The variables whose types were nominal and ordinal were recoded as dummy variables. Variables with more than two categories, such as education was coded as less than high school and with high school and above, and self-rated health was coded as poor or fair and good or excellent. Continuous variables, such as age and duration of diabetes were dichotomized as younger and older and with shorter duration of diabetes and longer duration of diabetes, respectively, using the median split technique (the median for age was 48 years old and the median for duration of diabetes was 172 months). Finally, diabetes type was already dichotomized as type 1 or type 2 diabetes.

Results

A sample of 74 females and 67 males, all of whom used insulin to manage their diabetes, was included in the analysis. The great majority was Caucasian (74.5%) and most of others were African-American (20.6%). The majority was married (59.6%), had some college education (65.3%), was employed outside the home (52.4%), was working more than 31 hours per week (52.4%), and had health insurance covering medication and supplies for diabetes care (87.9%). Subjects were on average 48.38 years of age, had had diabetes management classes to learn about disease management and development of psychomotor skills for self-care (64.5%), and reported having between two and five people who could help them as needed (62.4%). Finally, subjects’ glycosylated hemoglobin levels were on average 8%.
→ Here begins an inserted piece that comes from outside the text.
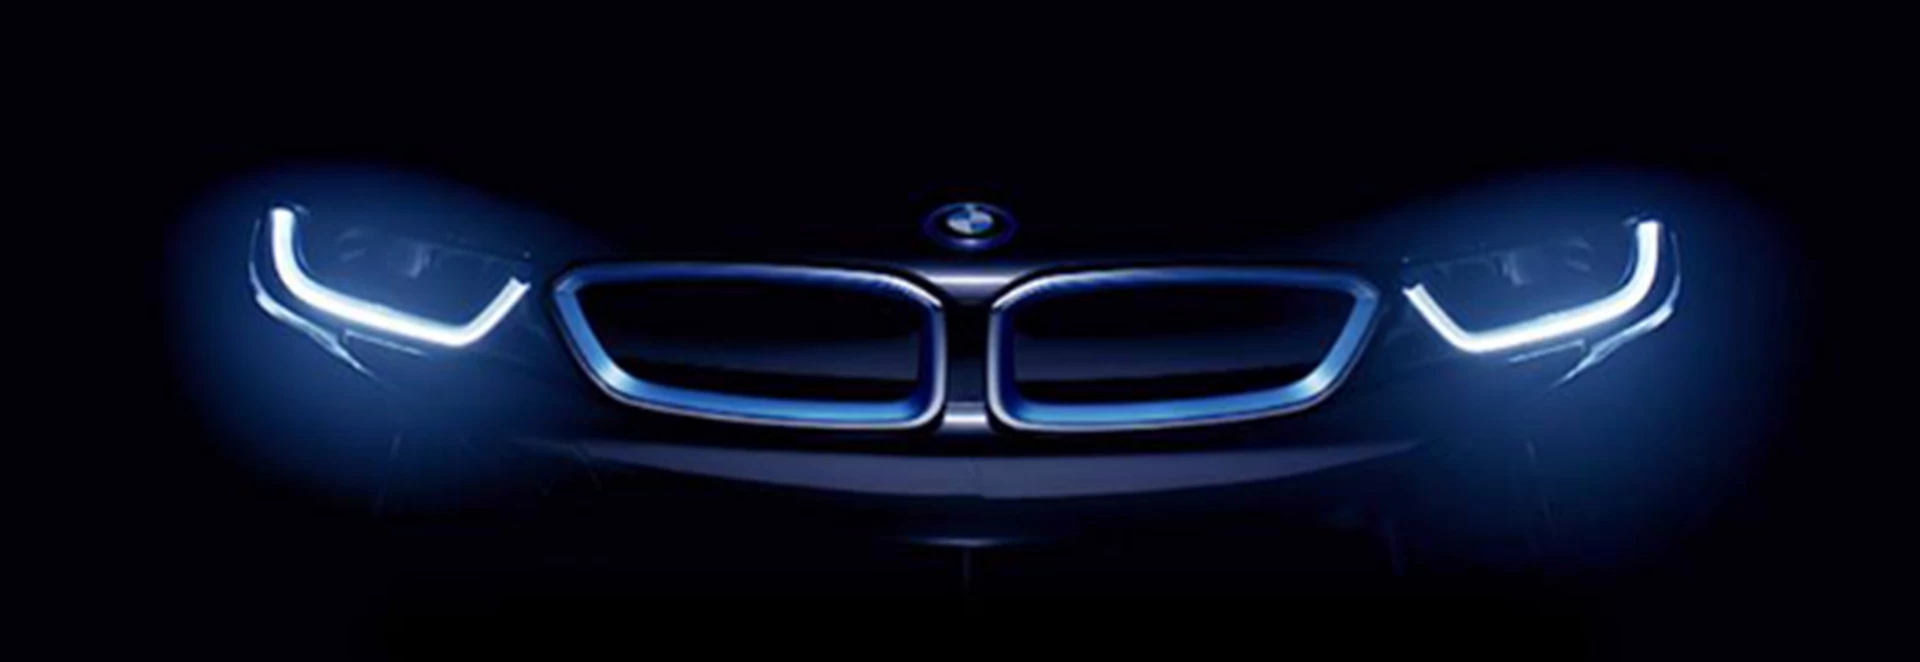 BMW celebrates 100th anniversary, teases new model

As shown in Table 1, there were no statistically significant differences in mean scores on the major study variables between individuals who were male (n = 67) or female (n = 74). The power analysis of this test was between .80 and.83, and was based on a medium effect size d = .50 and a two tailed alpha level of .05.25,26

 

Table 2 shows that there were statistically significant mean differences between individuals who were younger (n = 72) and individuals who were older (n = 69) on diabetes knowledge, t (139) = 2.60, p = .010, self-care agency, t (139) = -2.32, p = .022, and diabetes self-care management, t (139) = -2.33, p = .021. The power analysis of this test was between 83 to 85 percent considering a medium effect size d = .50 and a two tailed alpha level of .05.25,26

On average, individuals who had higher diabetes knowledge scores (M = 18.97, SD = 2.56) were younger than those who had lower scores (M = 17.58, SD = 3.68); the standard error of the mean differences was .54. And, individuals who had greater self-care agency (M = 94.58, SD = 11.11) and who performed more diabetes self-care activities (M = 134.43, SD = 19.96) were older than those who had less self-care agency (M = 90.35, SD 10.47) and who performed fewer diabetes self-care activities (M = 125.75, SD 24.08). The standard errors of the mean differences were 1.82 and 3.72 respectively.

 

Table 3 also shows that there were statistically significant mean differences in diabetes knowledge, t (139) = -3.91, p < .001, between individuals with a high school education or less (n = 49) and those with more than a high school education (n = 92). The power analysis of this test was between 67 to 71 percent considering a medium effect size d = .50 and a two tailed alpha level of .05.25,26 However, individuals with a high school education or above had more diabetes knowledge (M = 19.10, SD 2.62) than those with less than a high school education (M = 16.78, SD = 3.69). This result must be interpreted with caution because the power of the statistical test was below the accepted criterion of 80 percent for behavioral research.25 The standard error of the mean differences was .59.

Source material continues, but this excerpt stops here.